- А ничего бы пожить в таком доме, - заметил он. Перчинка кивнул.
- Еще бы, богачи... - прошептал он. Потом, повернувшись к привратнику, как ни в чем не бывало спросил: - А что с профессором, дон Антонио?
- Вот как дам по затылку, тогда узнаешь, что! - свирепо буркнул тот.
- Он очень нездоров? - не унимался Перчинка.
- Да, очень, - со злостью ответил старик и, на удержавшись, прошипел: У, висельники!
- Бедняга! - невозмутимо продолжал мальчик, - мне его очень жалко. Такой хороший человек - и вот вам...
На этот раз привратник промолчал.
Чиро встал и начал ходить по комнате, рассматривая картины. Потом он протянул руку и потрогал рамку одной из них.
- Не трогай! И так всё захватали! - сейчас же крикнул привратник.
Мальчик вздрогнул и испуганно отскочил от стены.
В этот момент в переднюю вошла экономка. - Ну ладно, идите, - сказала она. - Только, пожалуйста, не долго. У профессора высокая температура,
Проходя через кабинет, где Перчинка уже побывал, когда приносил масло, ребята бросили красноречивый взгляд на два карабина модели 1891 года, висевшие в застекленной витрине. Из кабинета они вслед за экономкой вошли в просторную спальню, стены которой были сплошь увешаны фотографиями в рамках. Здесь стояла простая скромная мебель, казавшаяся даже бедной.
Профессор лежал на широкой никелированной кровати. Он еще больше похудел и казался до крайности истощенным. Его бородка совсем побелела и сливалась с белизной простынь. Увидев ребят, он слабо улыбнулся.
- А, это ты! - тихо воскликнул он.
- Здравствуйте, профессор, как вы себя чувствуете? - вежливо сказал Перчинка, подходя вместе с Чиро к постели больного, в то время как донья Мария остановилась на пороге.

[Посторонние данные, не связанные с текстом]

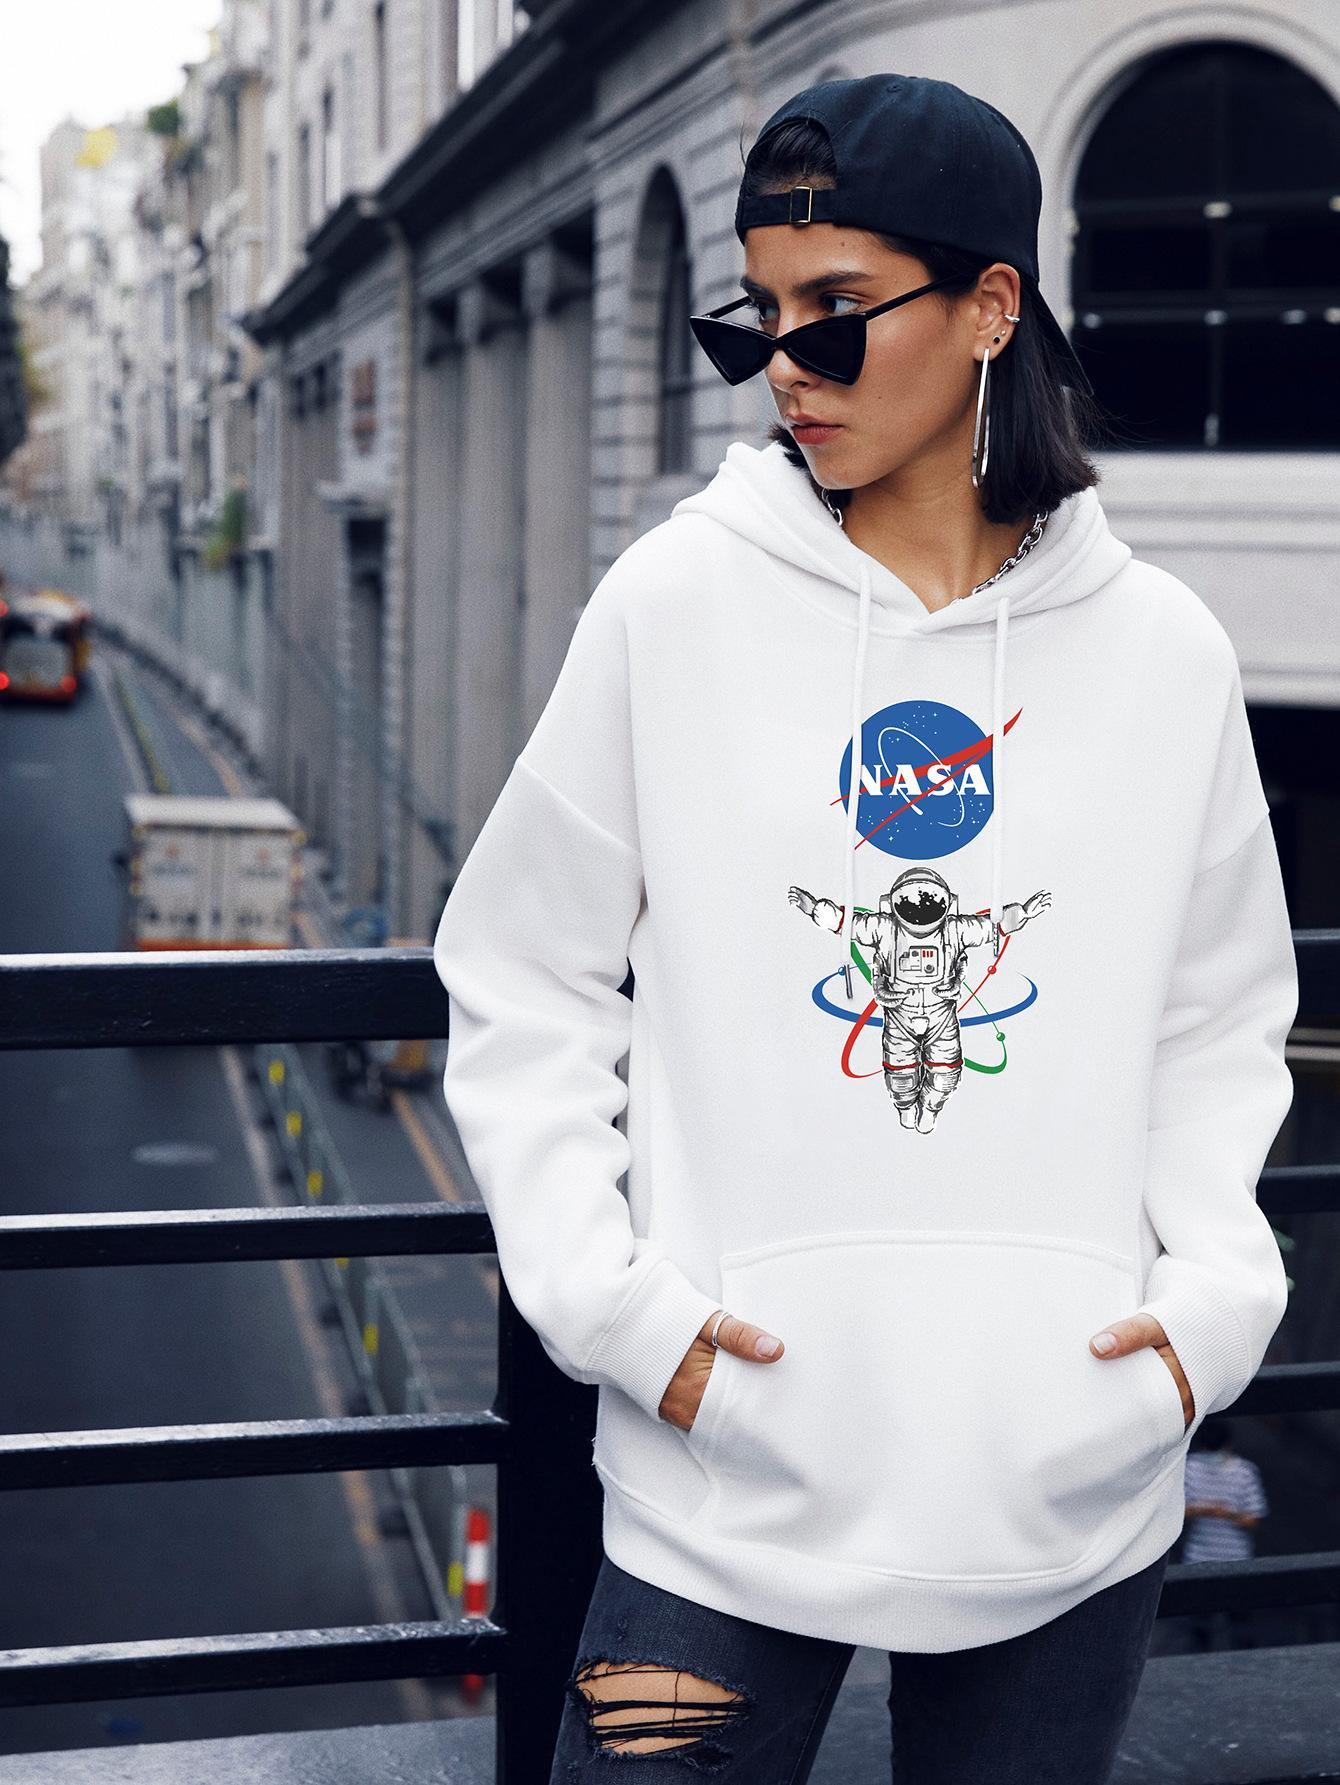 autumn and winter women's popular astronaut street casual hooded sweater NSSN1863

- Плохо, сынок, - отозвался старик.
Его голос звучал хрипло, он словно доносился издалека и вот-вот готов был умолкнуть совсем. Зато глаза его сверкали все так же и даже казались еще больше, чем прежде, на осунувшемся лице.
На минуту воцарилось молчание. Профессор заговорил первым.
- Так что же ты хотел сказать о немцах? - спросил он своим скрипучим голосом.
Сам не замечая этого, Перчинка опустился на колени подле кровати старика и горячо заговорил:
- Профессор, мы их выгоняем из Неаполя. А позавчера умер мой друг...
Голос у него оборвался, он не то всхлипнул, не то глубоко вздохнул. Воспоминание о гибели Марио было еще слишком свежо и наполняло сердце мальчика печалью и яростью.
- Но все-таки мы сейчас все воюем; вы это знаете? - с гордостью закончил он.
Взгляд профессора перебегал с одного мальчишечьего лица на другое.
- Я знаю, - пробормотал старик. - Каждый день слышны выстрелы. А сегодня как будто стреляют больше, чем всегда, правда?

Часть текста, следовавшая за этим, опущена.